Skateboarders: A Different Kind of Lean
If you’re thinking about street or park skateboarders, the leanness comes from a surprisingly demanding workout combined with a culture that doesn’t prioritize bulking up. A study tracking adult recreational skateboarders at community parks found they spent about 70% of their session at moderate intensity or above, with an average heart rate around 138 beats per minute (roughly 72% of their predicted maximum). Sessions lasted about 65 minutes and covered over 4.5 kilometers, with skaters active for about 64% of that time and stationary for the rest.
That’s a significant cardiovascular workout repeated several times a week. The skateboarders in the study averaged about three sessions per week. Unlike gym-based exercise, skateboarding involves constant bursts of explosive effort (pushing, jumping, landing) mixed with recovery periods. This interval-style pattern is effective at burning fat while building functional, lightweight muscle. There’s also a practical element: carrying extra weight makes tricks harder, landings rougher on joints, and balance more difficult. The sport self-selects for lighter frames.
The Health Cost of Being Too Thin
Not all skater leanness is healthy. Figure skating in particular has a well-documented problem with Relative Energy Deficiency in Sport, a condition where athletes chronically eat too few calories relative to their training demands. A cross-sectional study of adolescent athletes in aesthetic sports found that nearly 46% showed at least one primary indicator of energy deficiency, including disrupted menstrual cycles, reduced bone density, and impaired growth.
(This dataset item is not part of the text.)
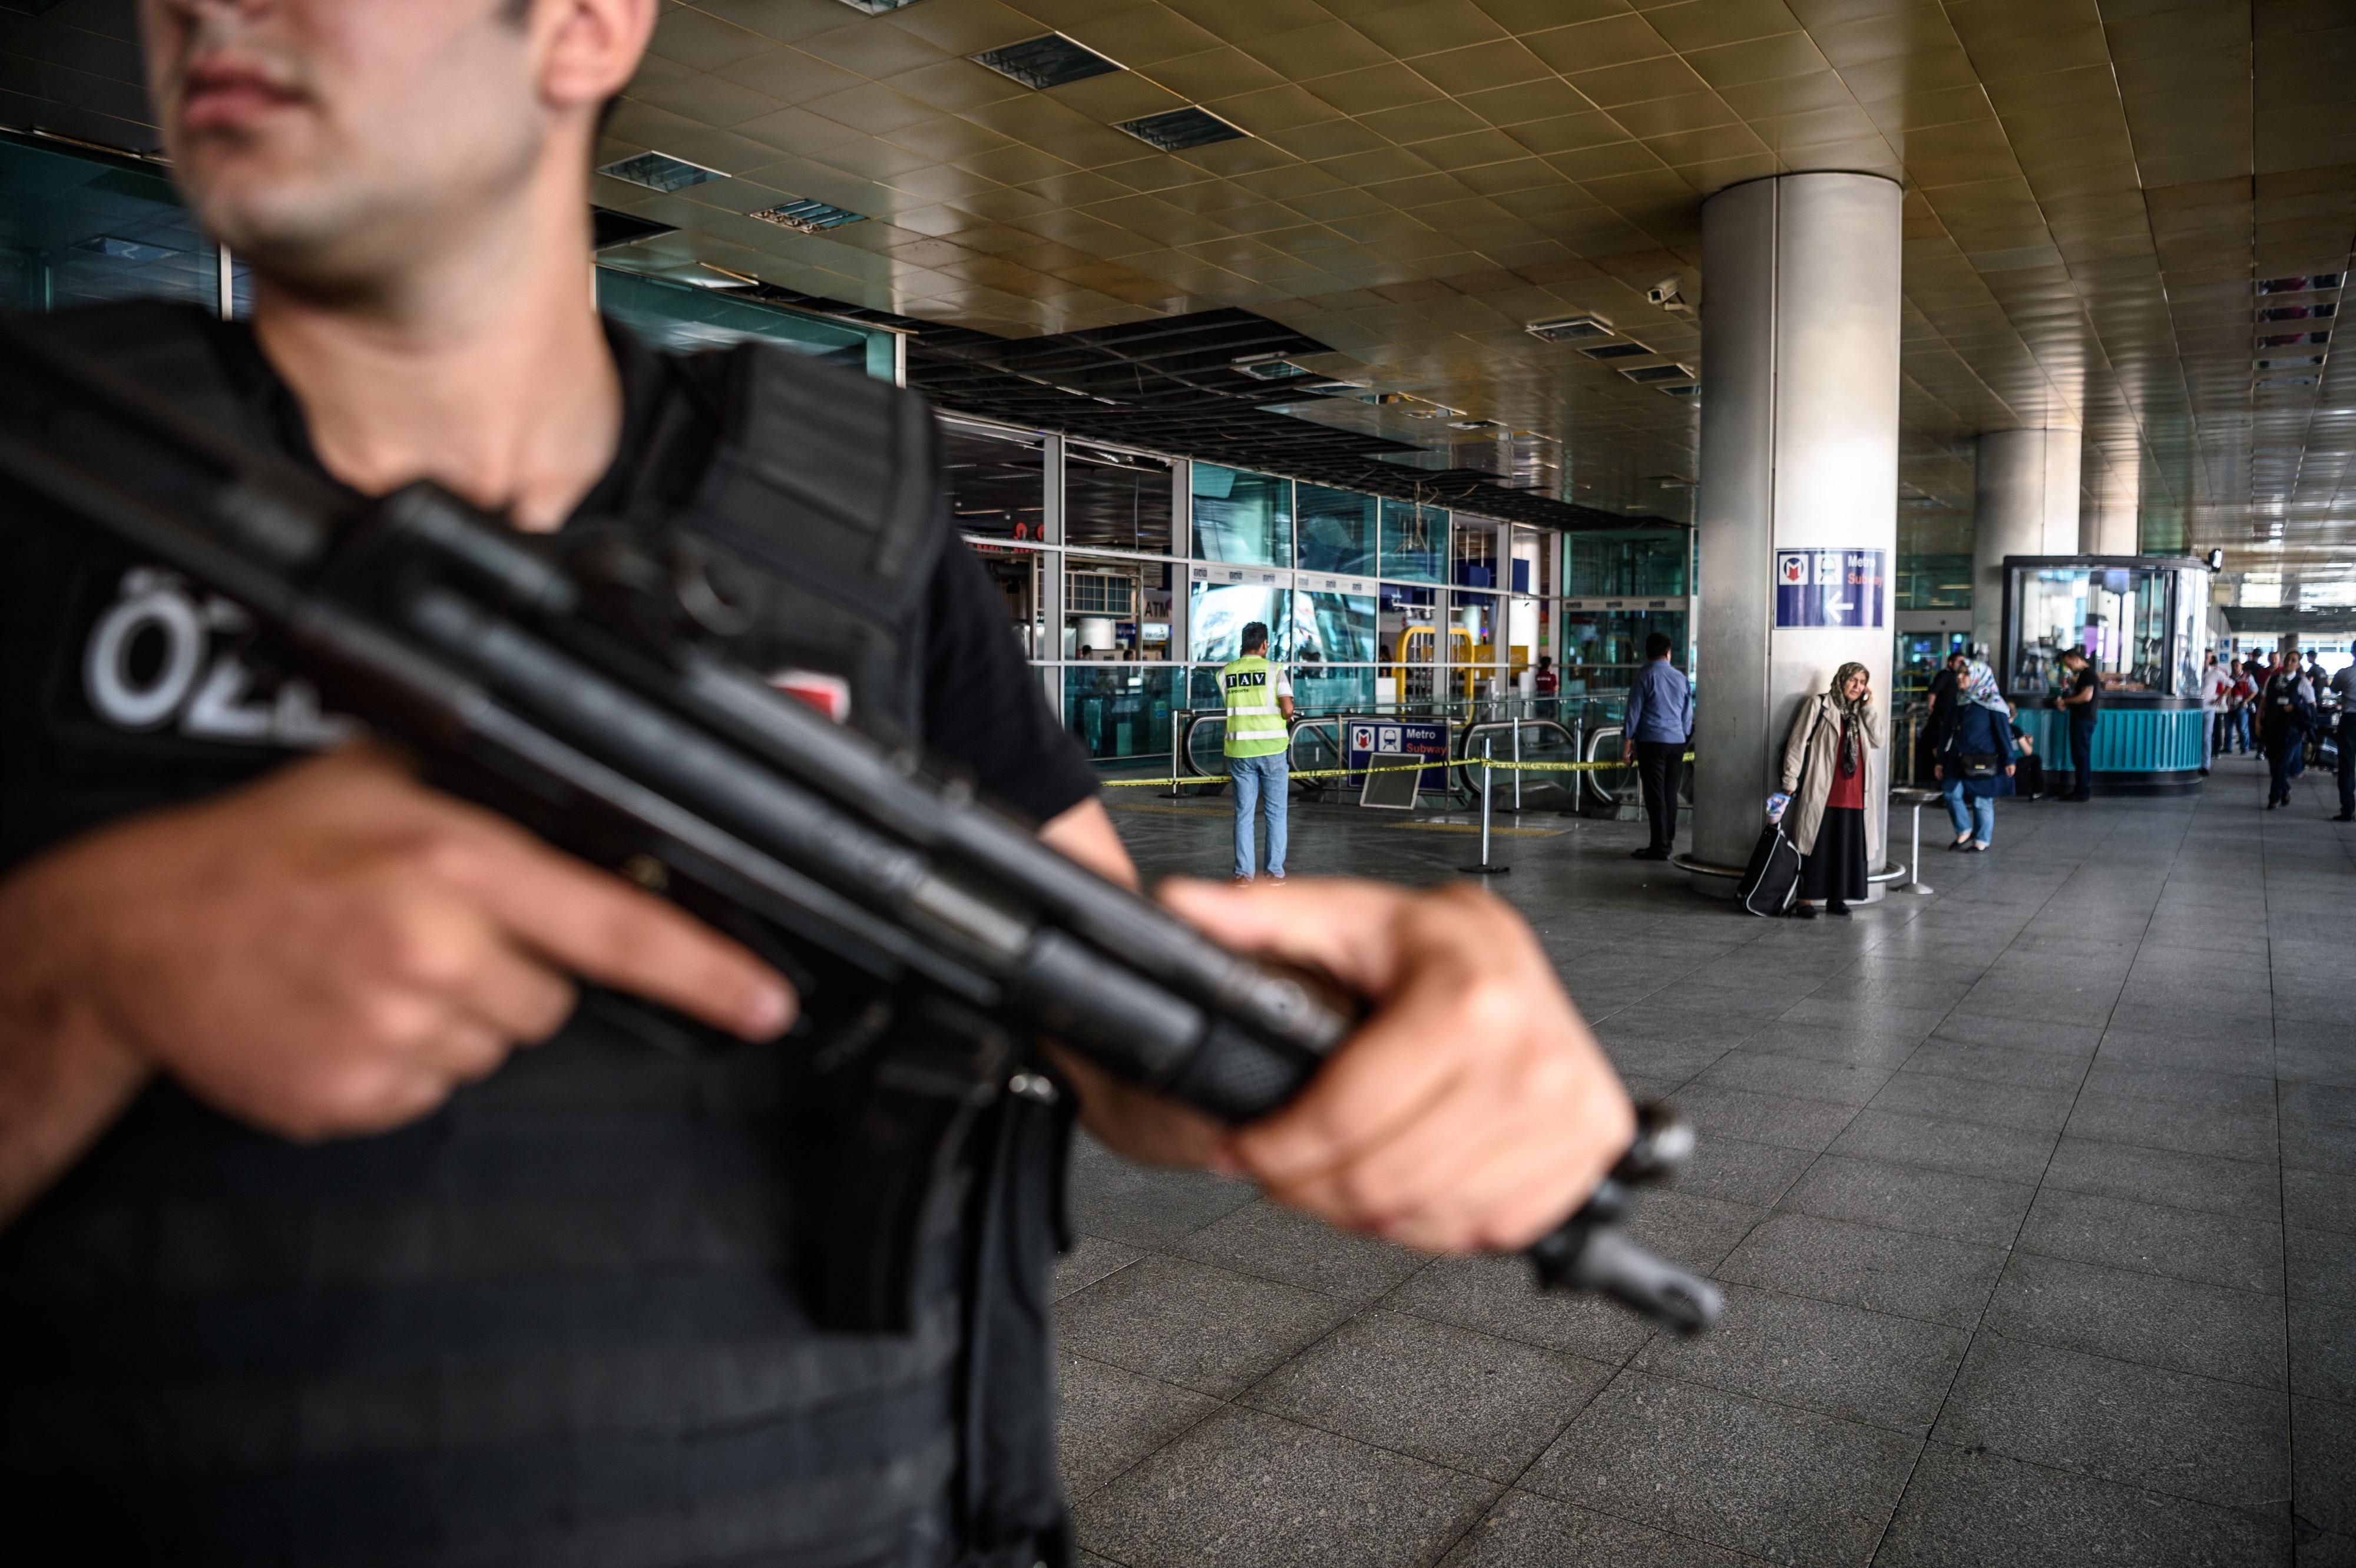 Nouveaux indices sur l'identité et les intentions des kamikazes — Attentat d'Istanbul

Figure skaters in the study actually had higher bone mineral density than artistic swimmers, likely because the impact forces of jumping stimulate bone growth. But that protective effect only goes so far. Chronic underfueling weakens bones over time, disrupts hormones, and can stunt development in young athletes. The pressure to stay thin for aesthetics and jump performance creates a environment where disordered eating patterns can take hold early.
The skating world has started to respond. The International Skating Union raised the minimum competition age to 17 starting in 2024, explicitly citing the need to protect “the physical and mental health, and emotional well-being of skaters.” The move followed the Kamila Valieva controversy at the 2022 Winter Olympics and broader concerns about the physical toll elite training takes on adolescent bodies. A higher age minimum gives skaters more time to develop physically before facing the intense pressure of senior international competition, though critics argue it doesn’t address the underlying culture around weight in the sport.
Training Volume Ties It All Together
Across all types of skating, the common thread is high energy expenditure combined with a sport that punishes excess weight. Figure skaters train four to six hours a day during competitive season, combining on-ice practice with off-ice conditioning, ballet, and strength work. Speed skaters log enormous training volumes on and off the ice. Skateboarders may not follow structured programs, but their repeated sessions add up to substantial weekly calorie burn.
Genetics play a role too. People with naturally smaller frames and lighter builds are more likely to succeed and persist in skating, creating a selection effect that makes the visible population of skaters look thinner than the general public. Someone with a heavier build can absolutely skate, but they’re less likely to reach the elite level in figure skating or sprint speed skating, where the physics strongly favor a lean frame. What you see at the top of the sport is the result of both training adaptations and decades of competitive filtering for a specific body type.